Exercise inputs:
───

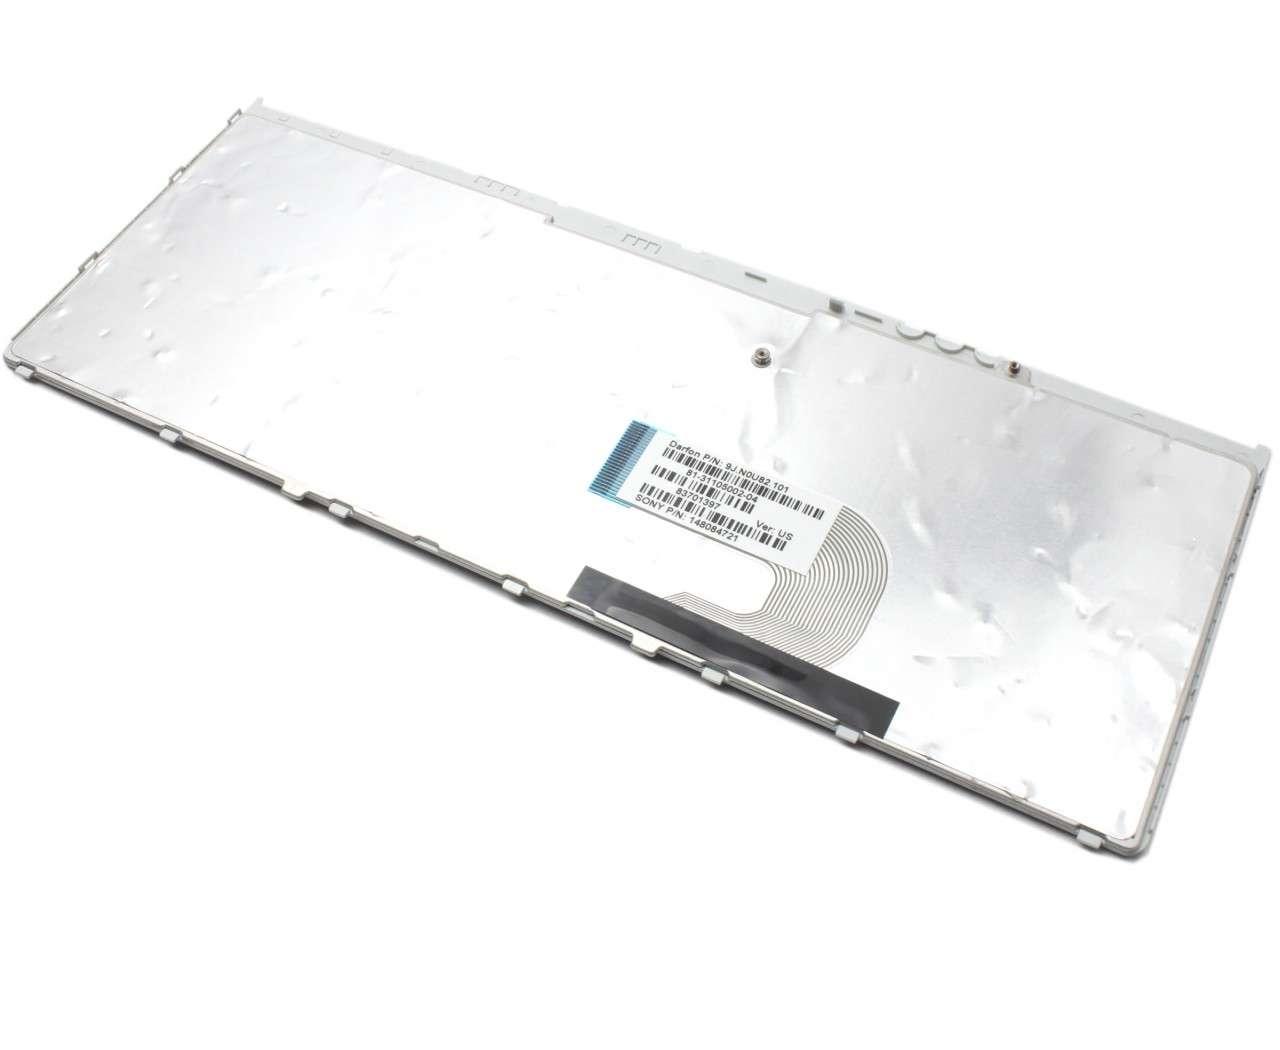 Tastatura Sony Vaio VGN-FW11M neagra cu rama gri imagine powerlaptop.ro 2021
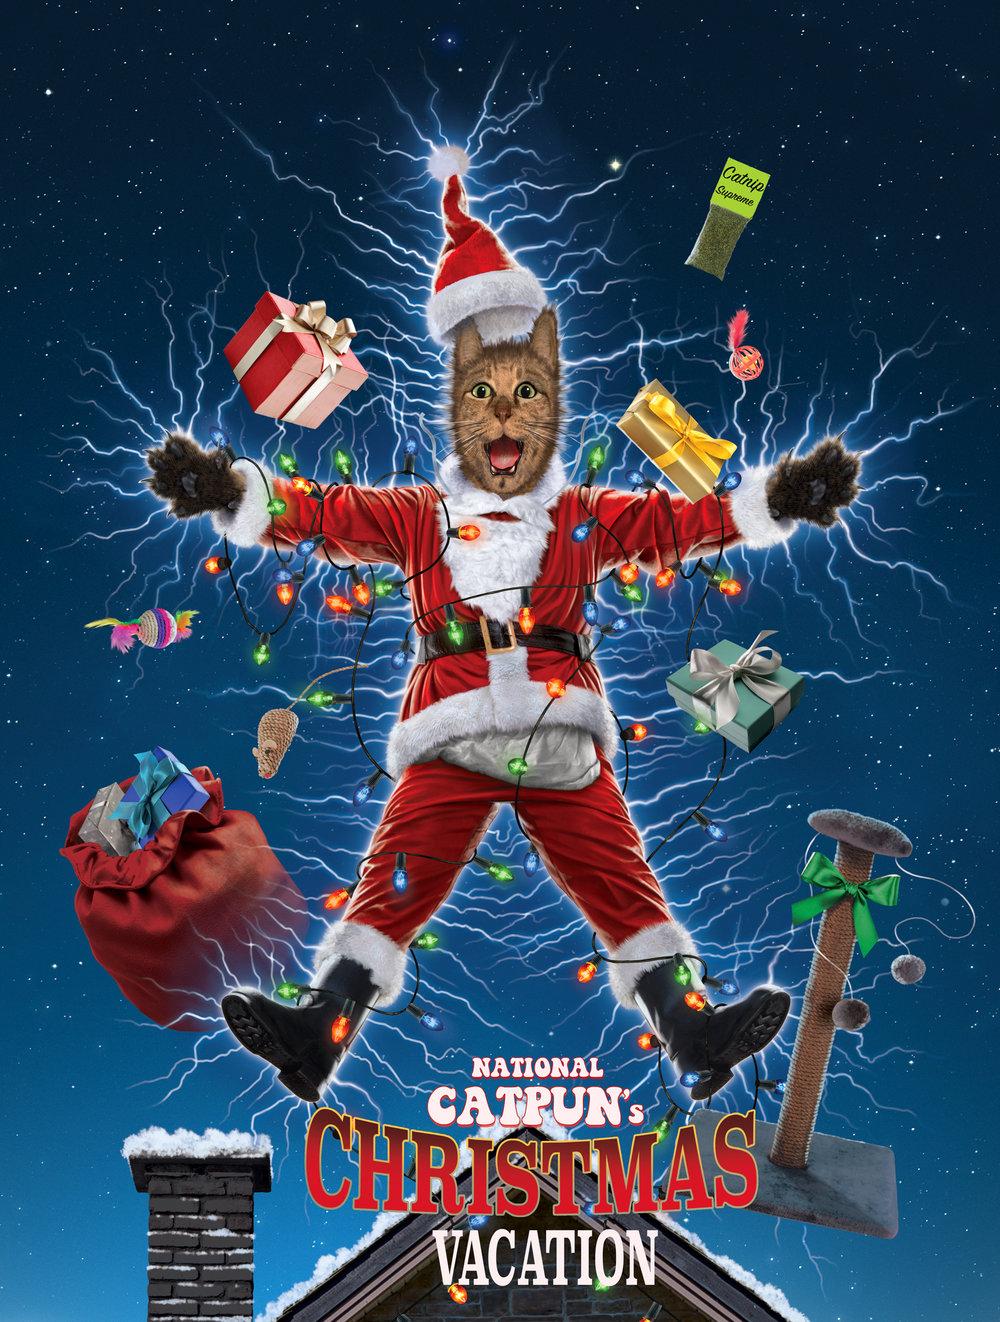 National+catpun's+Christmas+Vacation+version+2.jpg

───

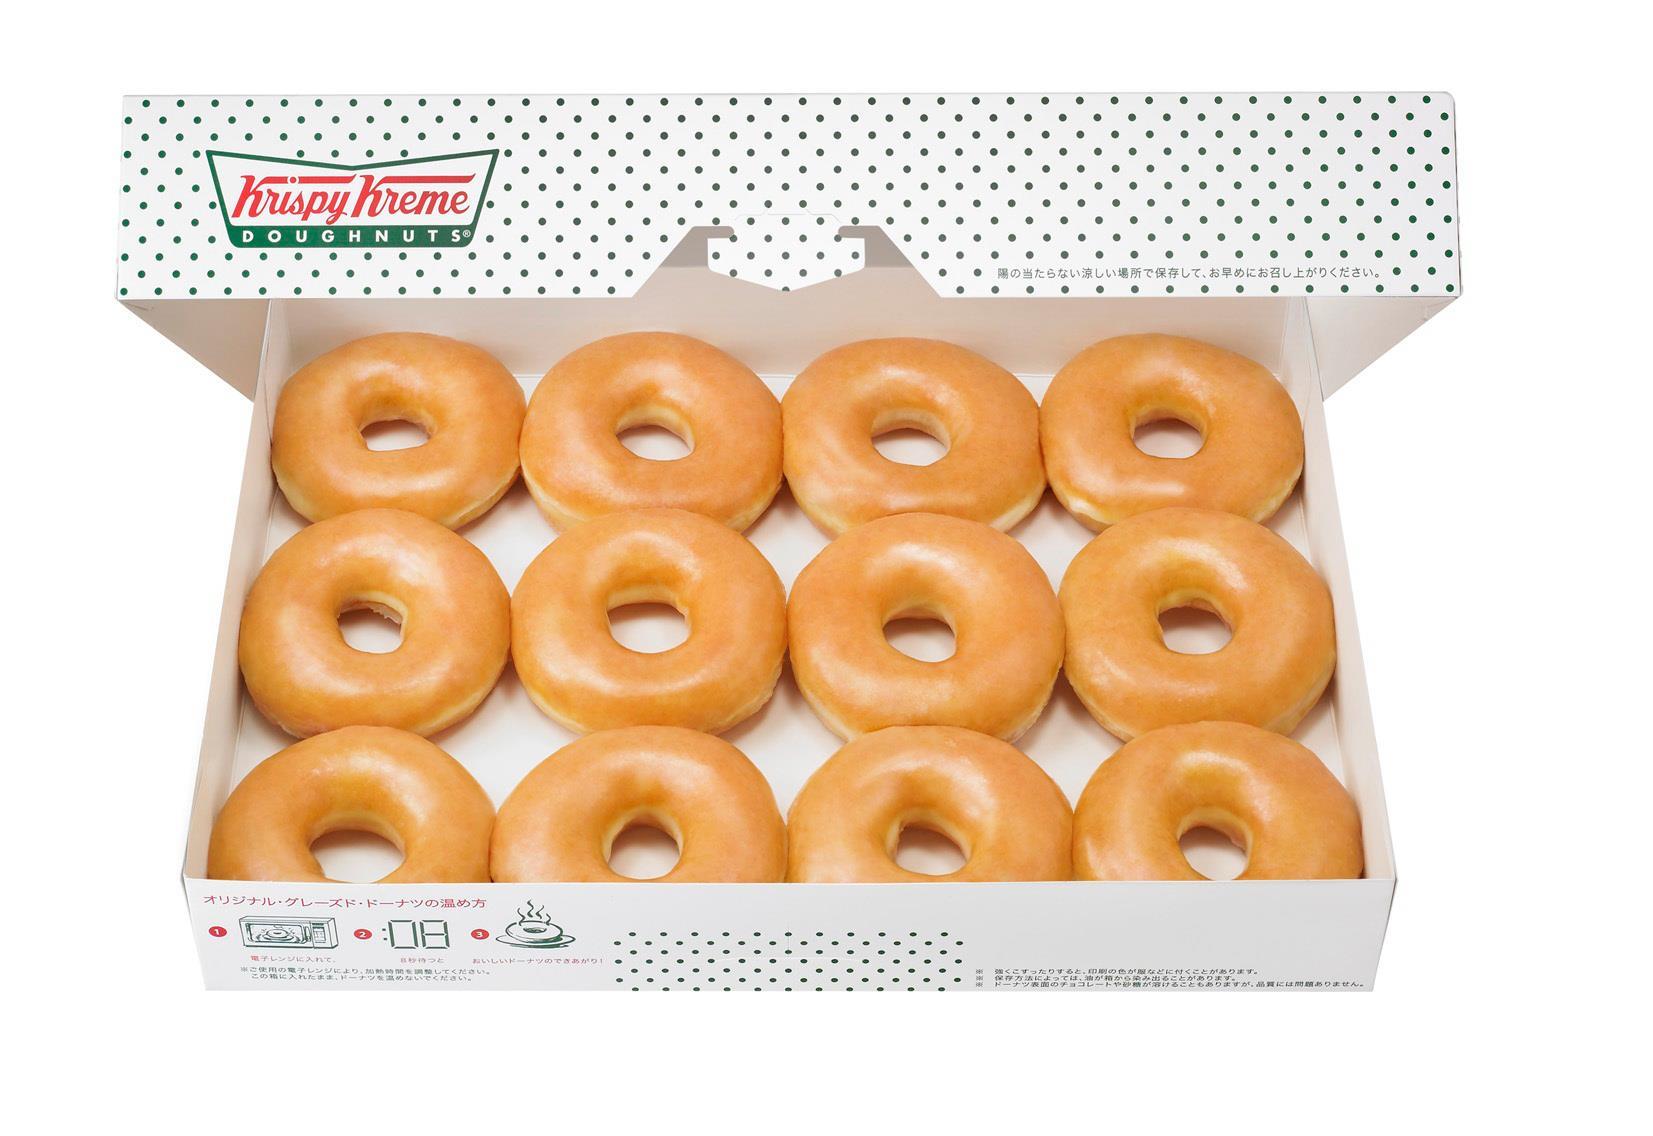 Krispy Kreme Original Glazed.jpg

───

What to work on: For the entries above, print exactly the lines between the one with "Tastatura Sony Vaio" and the one with "National+catpun's+Christmas+Vacation+version+2.jpg", inclusive, with no pictures.

Answer box:
 Tastatura Sony Vaio VGN-FW11M neagra cu rama gri imagine powerlaptop.ro 2021
 National+catpun's+Christmas+Vacation+version+2.jpg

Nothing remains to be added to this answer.